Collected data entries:
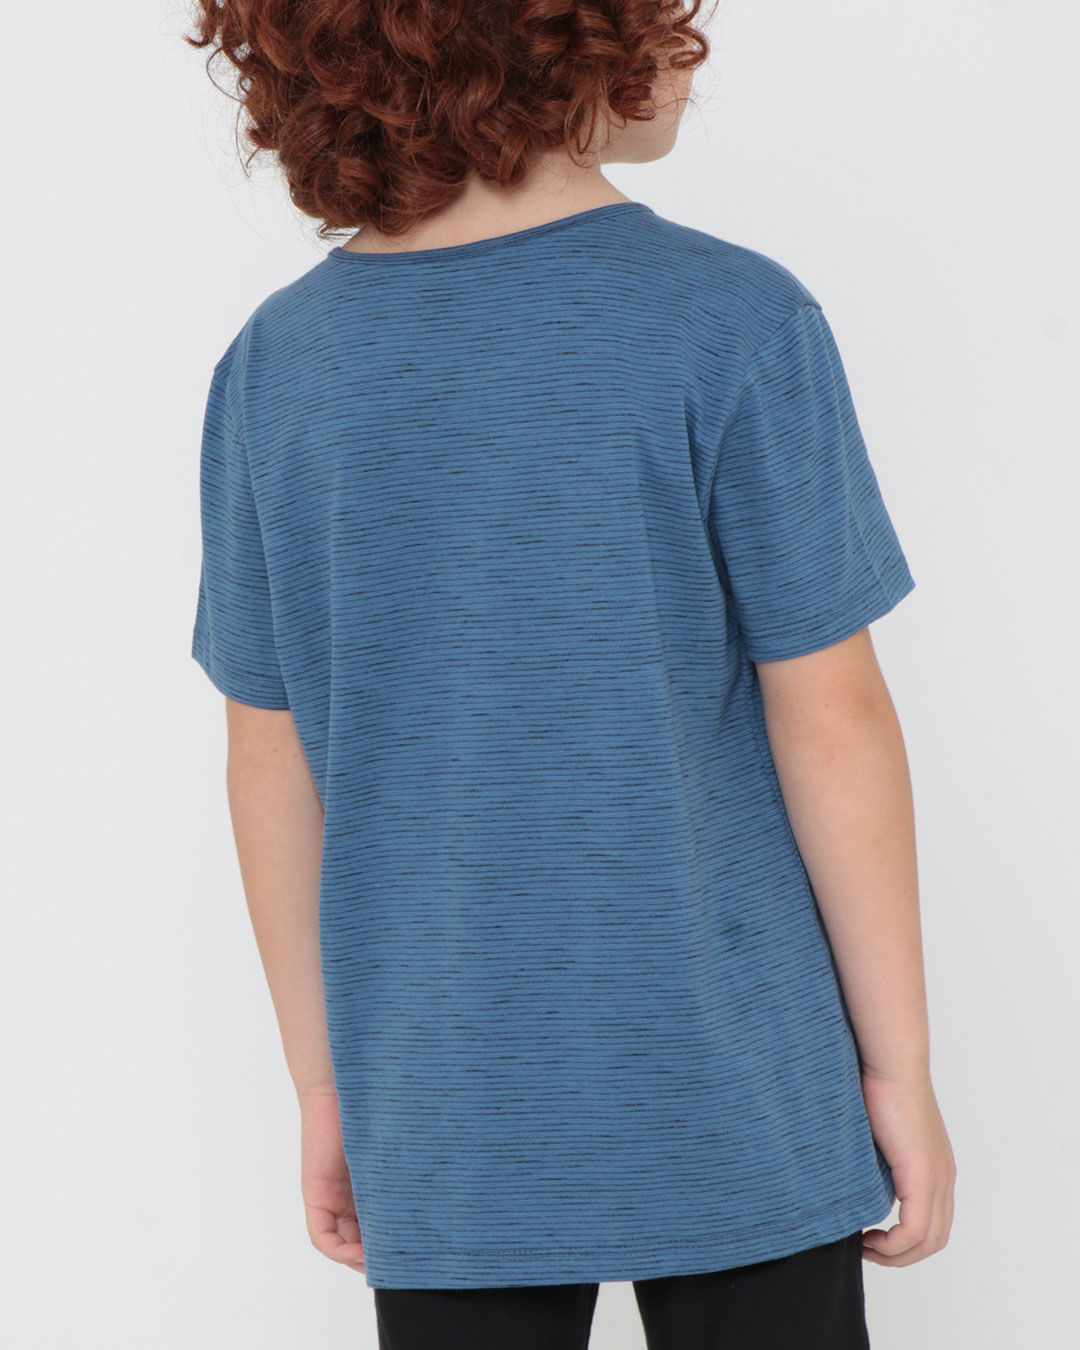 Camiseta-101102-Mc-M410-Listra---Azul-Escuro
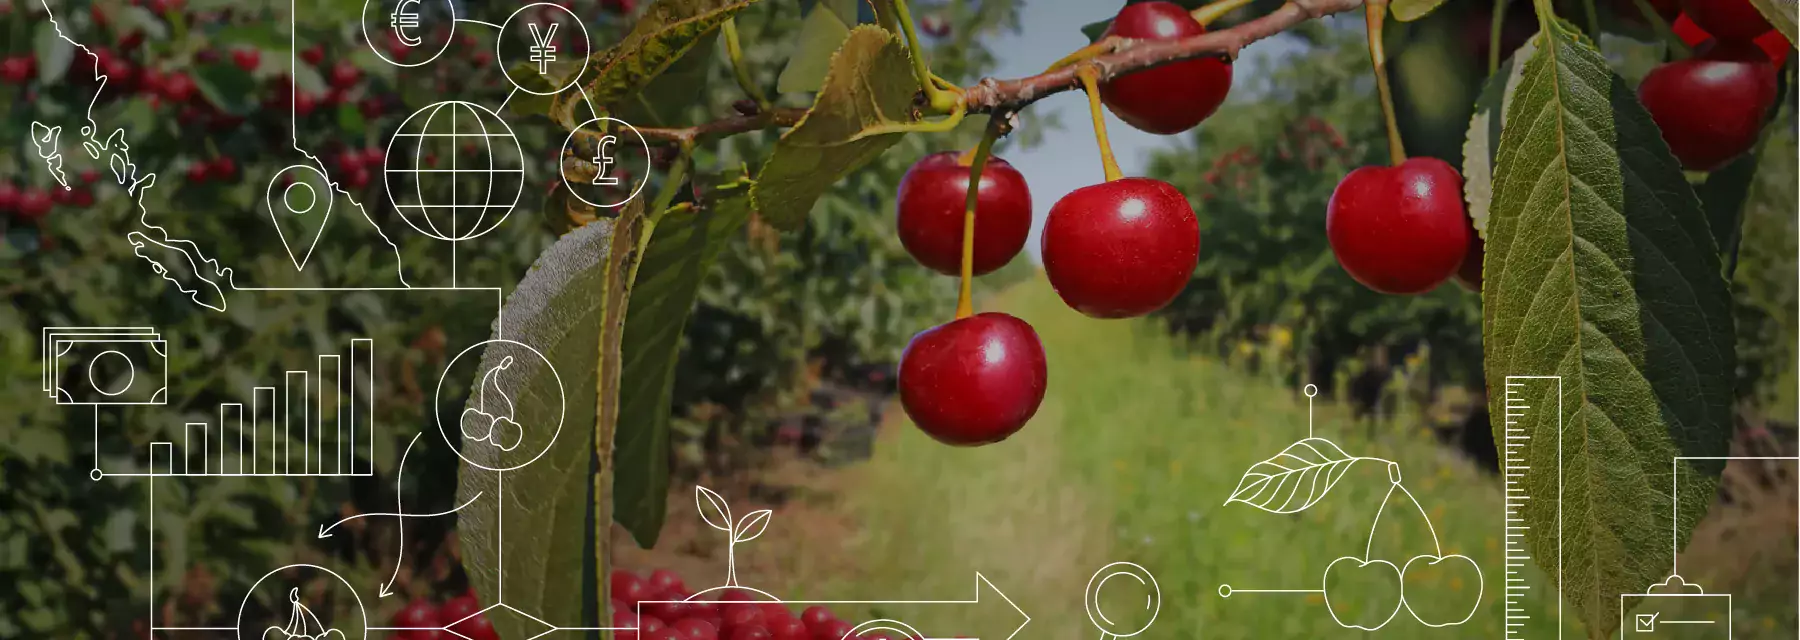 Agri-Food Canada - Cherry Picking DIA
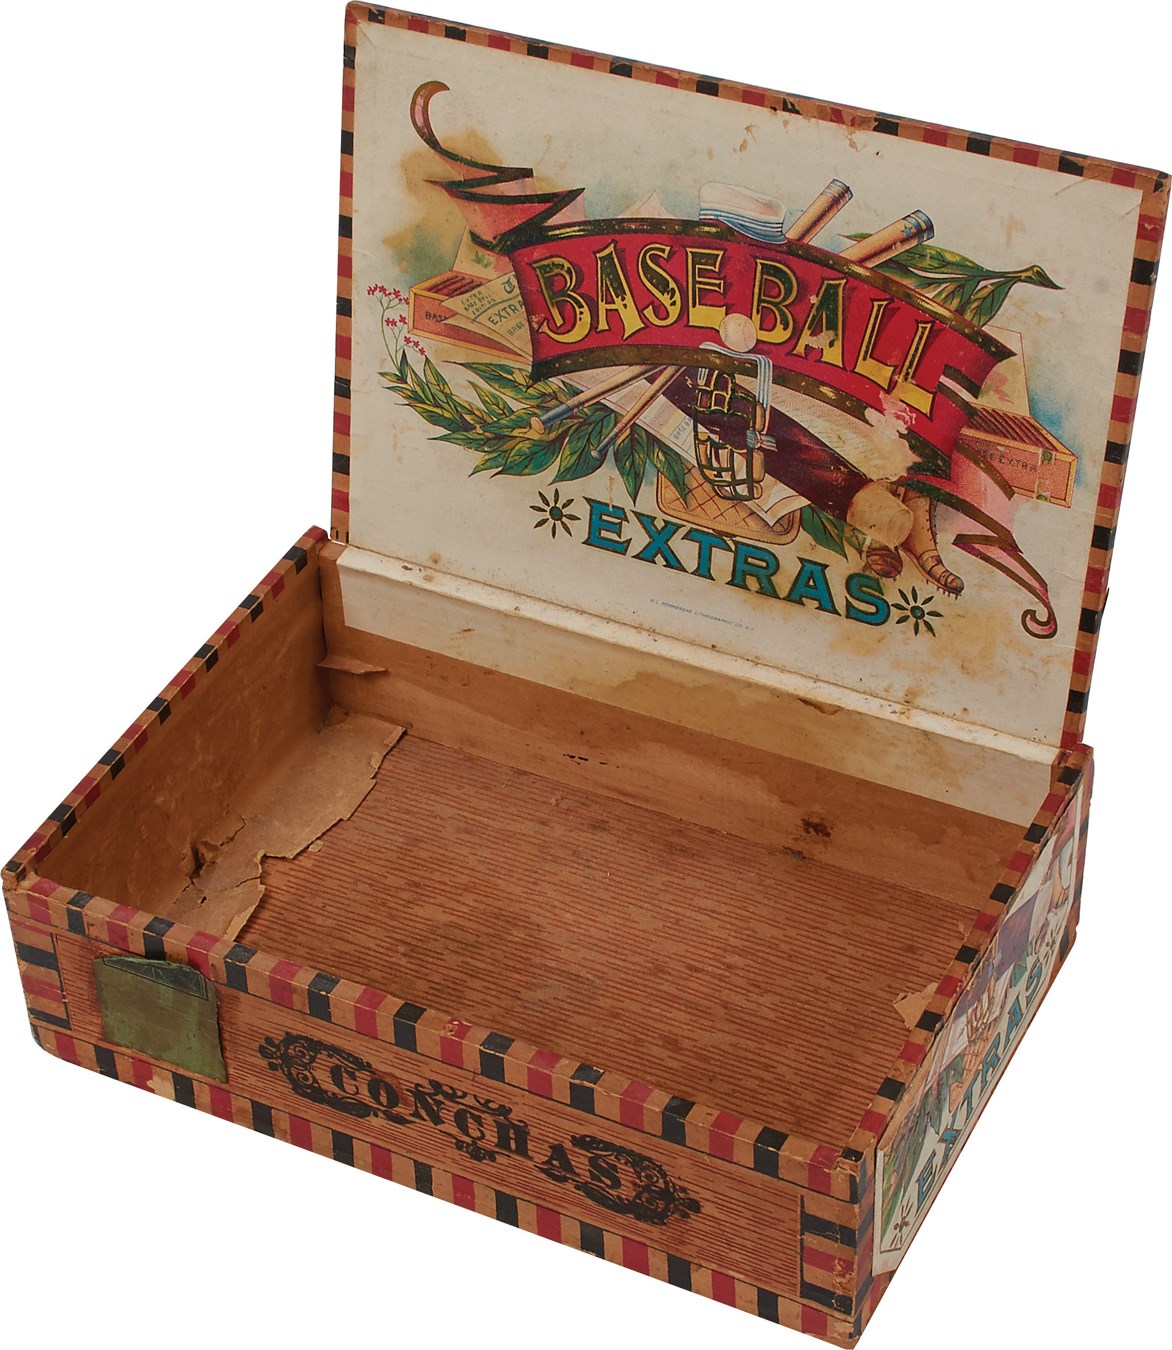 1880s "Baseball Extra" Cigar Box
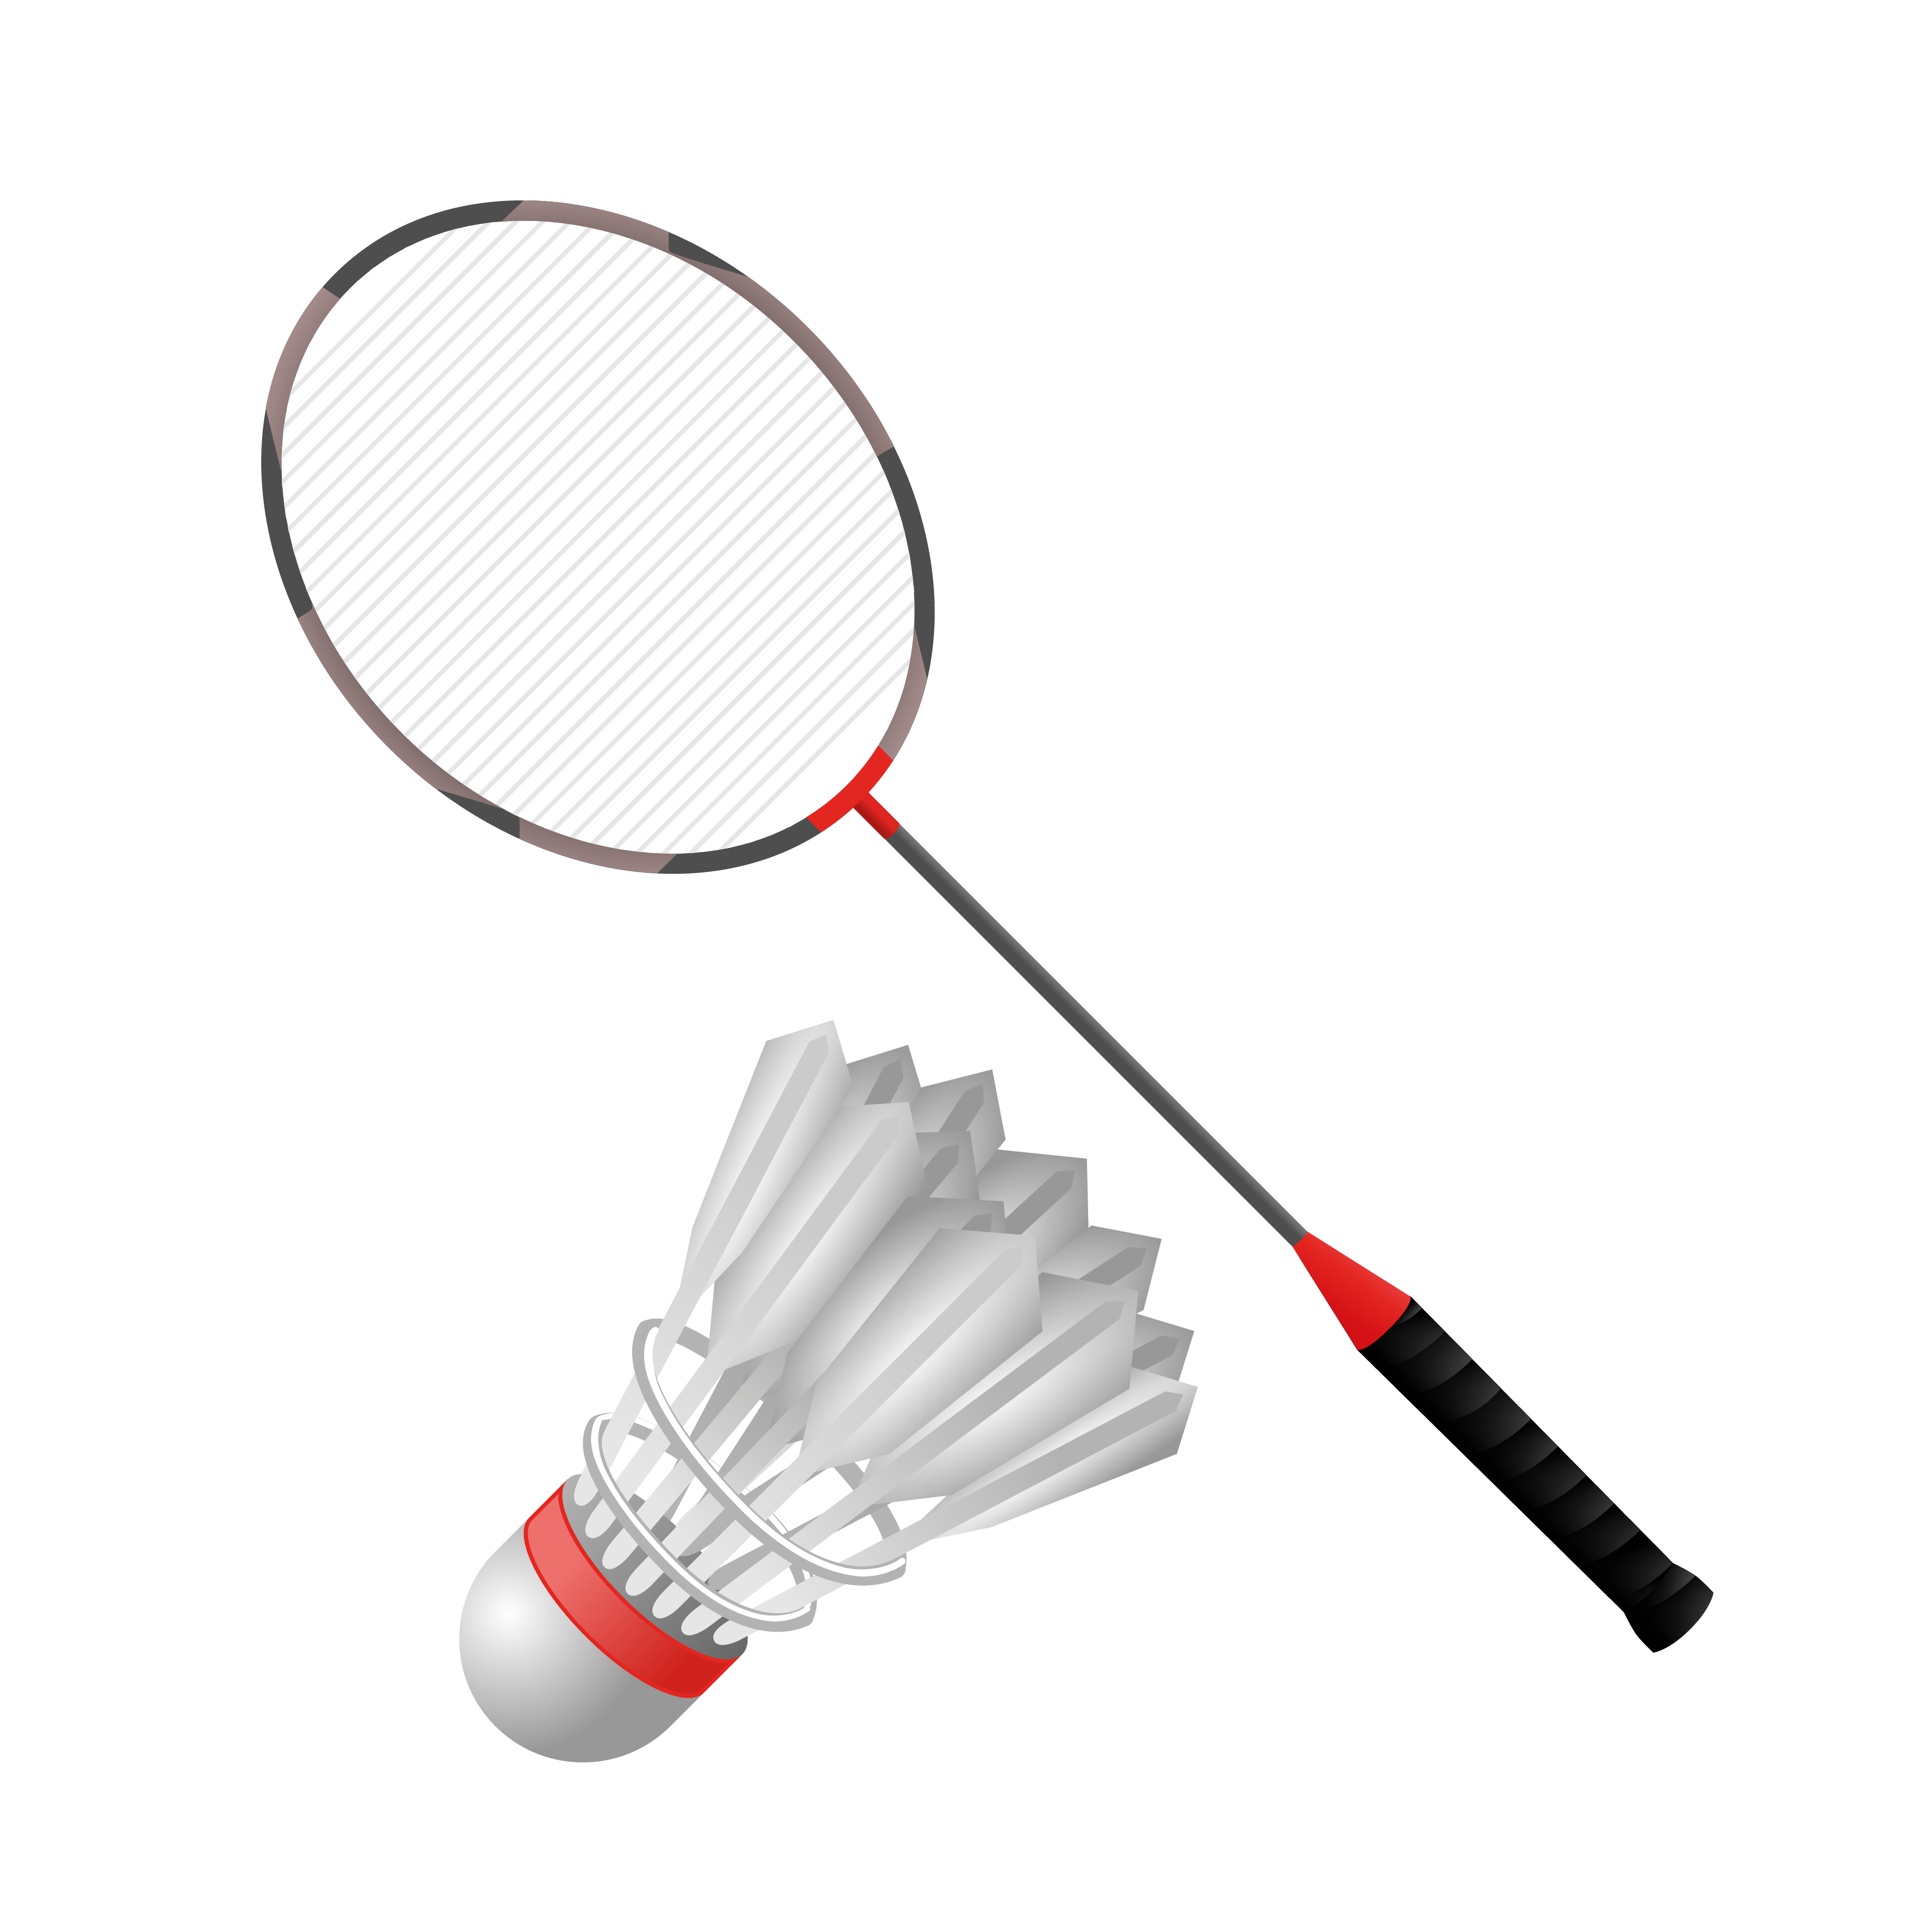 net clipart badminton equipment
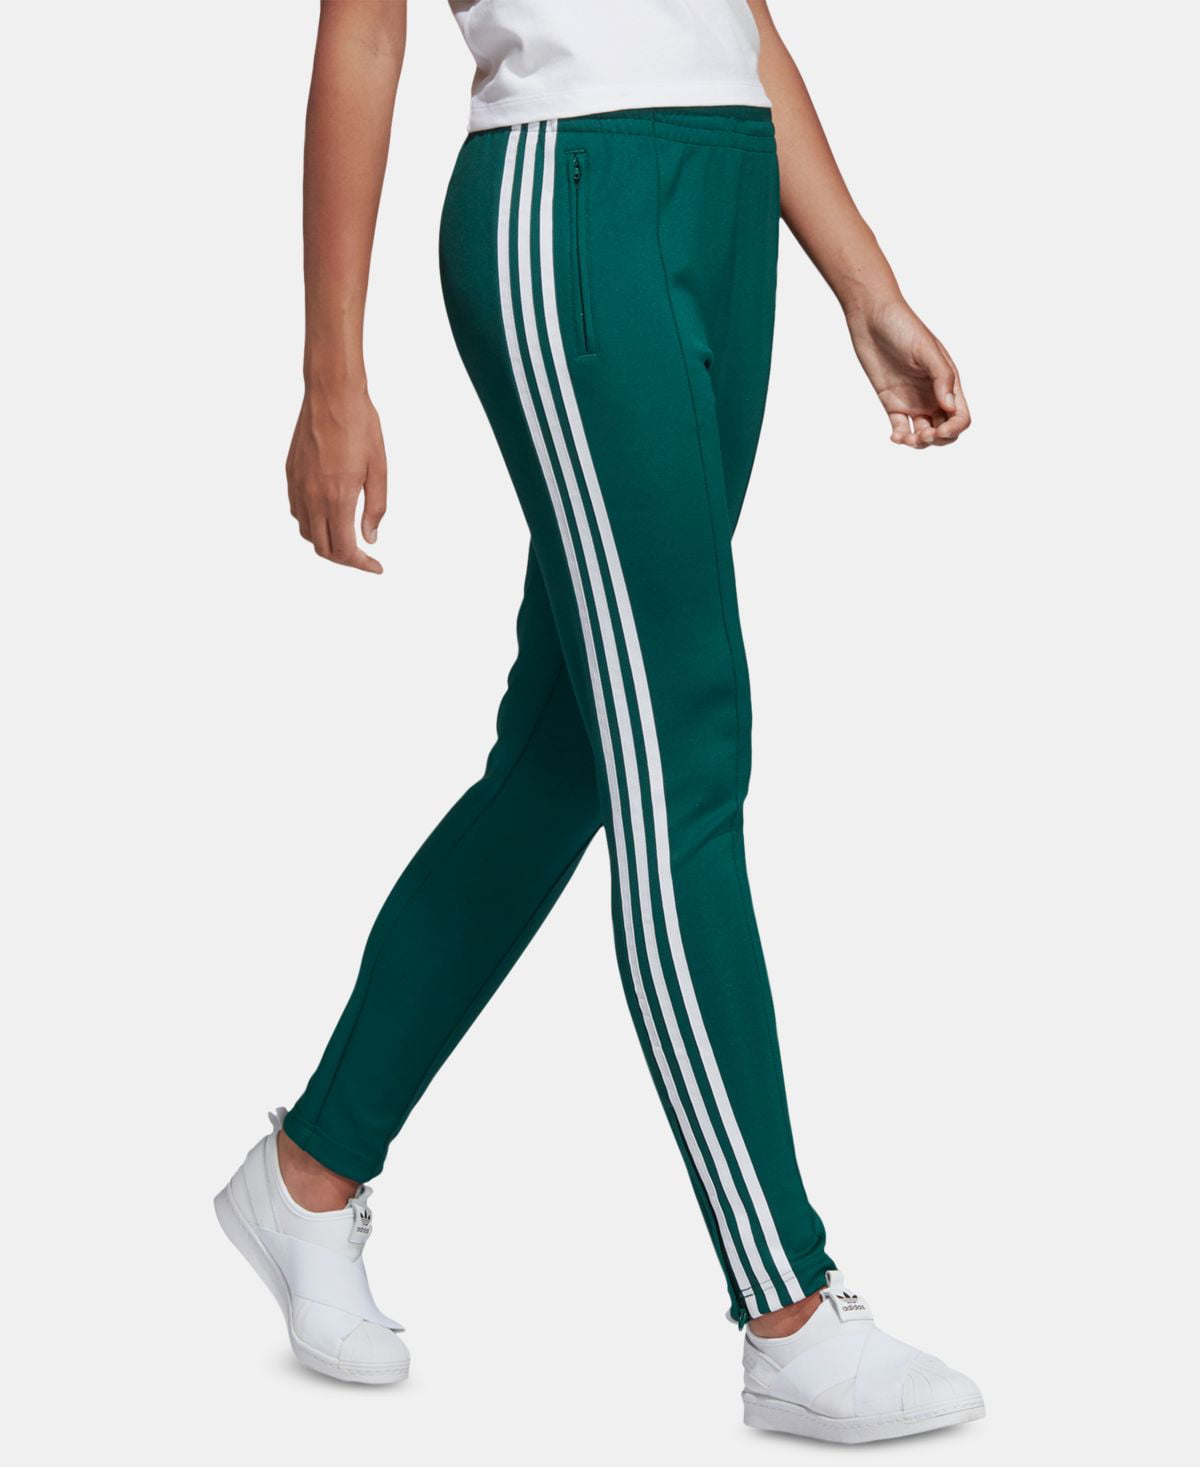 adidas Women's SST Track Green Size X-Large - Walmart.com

▶ **YOUR OBJECTIVE**
So that the copy stays exact, reproduce each record word for word and leave its images out.

▶ **THE COMPLETED TASK**
 Camiseta-101102-Mc-M410-Listra---Azul-Escuro
 Agri-Food Canada - Cherry Picking DIA
 1880s "Baseball Extra" Cigar Box
 net clipart badminton equipment
 adidas Women's SST Track Green Size X-Large - Walmart.com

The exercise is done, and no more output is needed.